You can also use the alias 'latin1' instead of 'ISO-8859-1'.

In [13]:
import pandas as pd
food_info = pd.read_csv("food_info.csv", encoding = "latin1")
col_names = food_info.columns.tolist()
print(col_names)
food_info.head(3)

['NDB_No', 'Shrt_Desc', 'Water_(g)', 'Energ_Kcal', 'Protein_(g)', 'Lipid_Tot_(g)', 'Ash_(g)', 'Carbohydrt_(g)', 'Fiber_TD_(g)', 'Sugar_Tot_(g)', 'Calcium_(mg)', 'Iron_(mg)', 'Magnesium_(mg)', 'Phosphorus_(mg)', 'Potassium_(mg)', 'Sodium_(mg)', 'Zinc_(mg)', 'Copper_mg)', 'Manganese_(mg)', 'Selenium_(µg)', 'Vit_C_(mg)', 'Thiamin_(mg)', 'Riboflavin_(mg)', 'Niacin_(mg)', 'Panto_Acid_mg)', 'Vit_B6_(mg)', 'Folate_Tot_(µg)', 'Folic_Acid_(µg)', 'Food_Folate_(µg)', 'Folate_DFE_(µg)', 'Choline_Tot_ (mg)', 'Vit_B12_(µg)', 'Vit_A_IU', 'Vit_A_RAE', 'Retinol_(µg)', 'Alpha_Carot_(µg)', 'Beta_Carot_(µg)', 'Beta_Crypt_(µg)', 'Lycopene_(µg)', 'Lut+Zea_ (µg)', 'Vit_E_(mg)', 'Vit_D_µg', 'Vit_D_IU', 'Vit_K_(µg)', 'FA_Sat_(g)', 'FA_Mono_(g)', 'FA_Poly_(g)', 'Cholestrl_(mg)', 'GmWt_1', 'GmWt_Desc1', 'GmWt_2', 'GmWt_Desc2', 'Refuse_Pct']

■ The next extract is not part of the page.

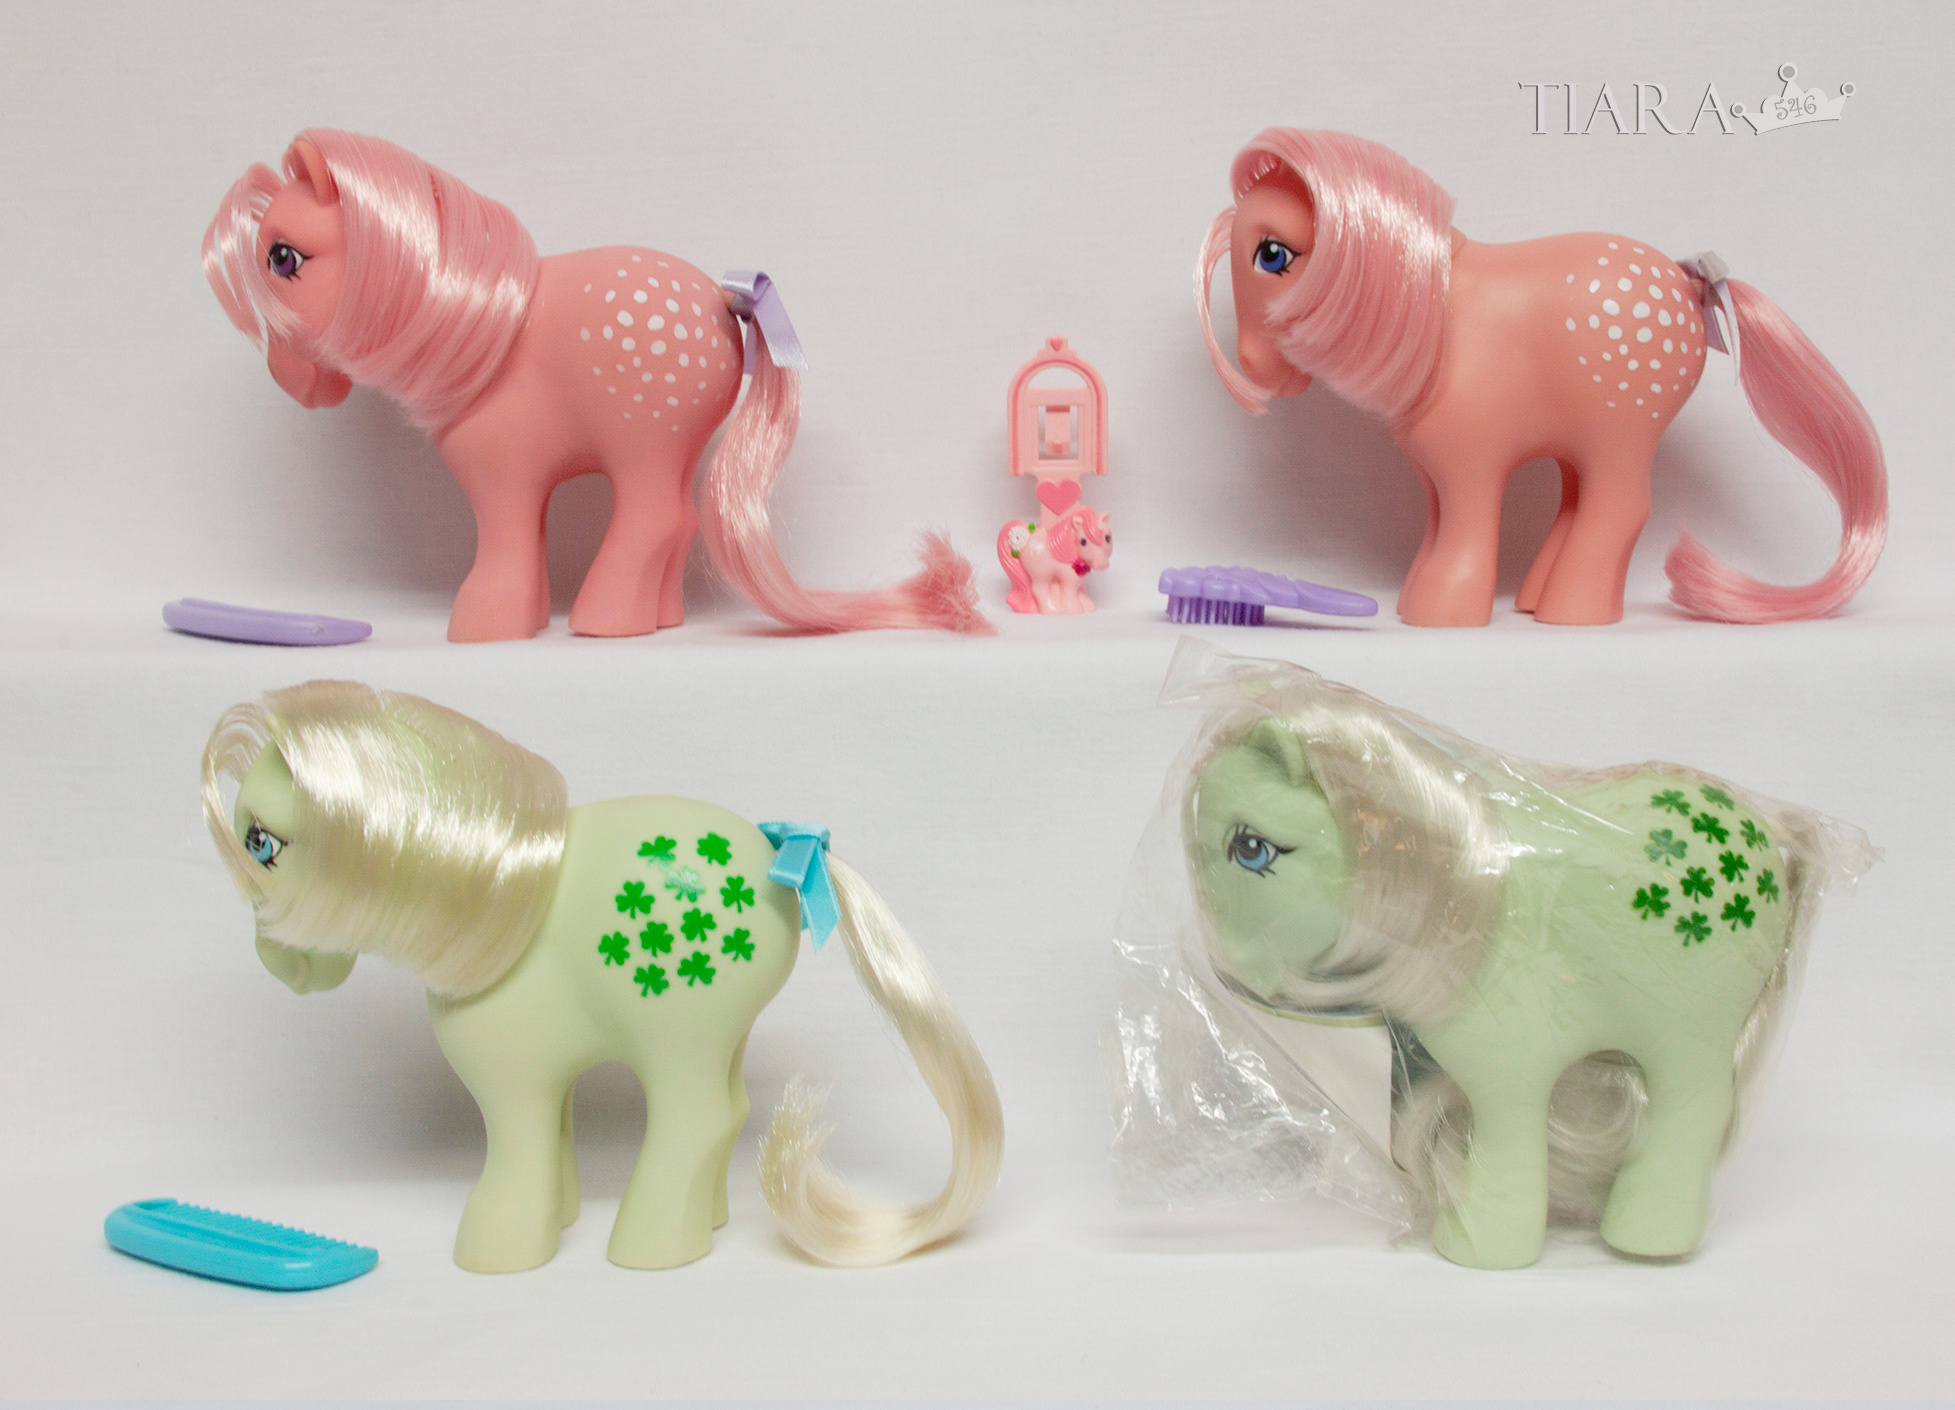 Tiara546s Collection

Unnamed: 0,NDB_No,Shrt_Desc,Water_(g),Energ_Kcal,Protein_(g),Lipid_Tot_(g),Ash_(g),Carbohydrt_(g),Fiber_TD_(g),Sugar_Tot_(g),...,Vit_K_(µg),FA_Sat_(g),FA_Mono_(g),FA_Poly_(g),Cholestrl_(mg),GmWt_1,GmWt_Desc1,GmWt_2,GmWt_Desc2,Refuse_Pct
0,1001,"BUTTER,WITH SALT",15.87,717,0.85,81.11,2.11,0.06,0.0,0.06,...,7.0,51.368,21.021,3.043,215.0,5.0,"1 pat, (1"" sq, 1/3"" high)",14.2,1 tbsp,0.0
1,1002,"BUTTER,WHIPPED,W/ SALT",16.72,718,0.49,78.3,1.62,2.87,0.0,0.06,...,4.6,45.39,19.874,3.331,225.0,3.8,"1 pat, (1"" sq, 1/3"" high)",9.4,1 tbsp,0.0
2,1003,"BUTTER OIL,ANHYDROUS",0.24,876,0.28,99.48,0.0,0.0,0.0,0.0,...,8.6,61.924,28.732,3.694,256.0,12.8,1 tbsp,205.0,1 cup,0.0


## Arithmetic operations
**Instruction:**
- Divide the "Sodium_(mg)" column by 1000 to convert the values to grams, and assign the result to sodium_grams.
- Multiply the "Sugar_Tot_(g)" column by 1000 to convert to milligrams, and assign the result to sugar_milligrams.

In [14]:
sodium_grams = food_info["Sodium_(mg)"] / 1000
sugar_milligrams = food_info["Sugar_Tot_(g)"] * 1000

**Instruction:**
- Assign the number of grams of protein per gram of water ("Protein_(g)" column divided by "Water_(g)" column) to grams_of_protein_per_gram_of_water.
- Assign the total amount of calcium and iron ("Calcium_(mg)" column plus "Iron_(mg)" column) to milligrams_of_calcium_and_iron.


In [15]:
grams_of_protein_per_gram_of_water = food_info["Protein_(g)"] / food_info["Water_(g)"]
milligrams_of_calcium_and_iron = food_info["Calcium_(mg)"] + food_info["Iron_(mg)"]

**Instruction:**
- Multiply the "Protein_(g)" column by two, and assign the resulting Series to weighted_protein.
- Multiply the "Lipid_Tot_(g)" column by -0.75, and assign the resulting Series to weighted_fat.
- Add both Series objects together and assign the result to initial_rating.

In [16]:
weighted_protein = food_info["Protein_(g)"] * 2 
weighted_fat = food_info["Lipid_Tot_(g)"] * -0.75
initial_rating = weighted_protein + weighted_fat

## Normalize values
Normalize x is given as:
\begin{equation*}
\ x^1 = \frac{x-min(x)}{max(x)- min(x)}
\end{equation*}

**Instruction:**
- Normalize the values in the "Protein_(g)" column, and assign the result to normalized_protein.
- Normalize the values in the "Lipid_Tot_(g)" column, and assign the result to normalized_fat.

In [18]:
x = food_info["Protein_(g)"]
x_min = x.min()
normalized_protein = (x - x_min)/(x.max()- x_min)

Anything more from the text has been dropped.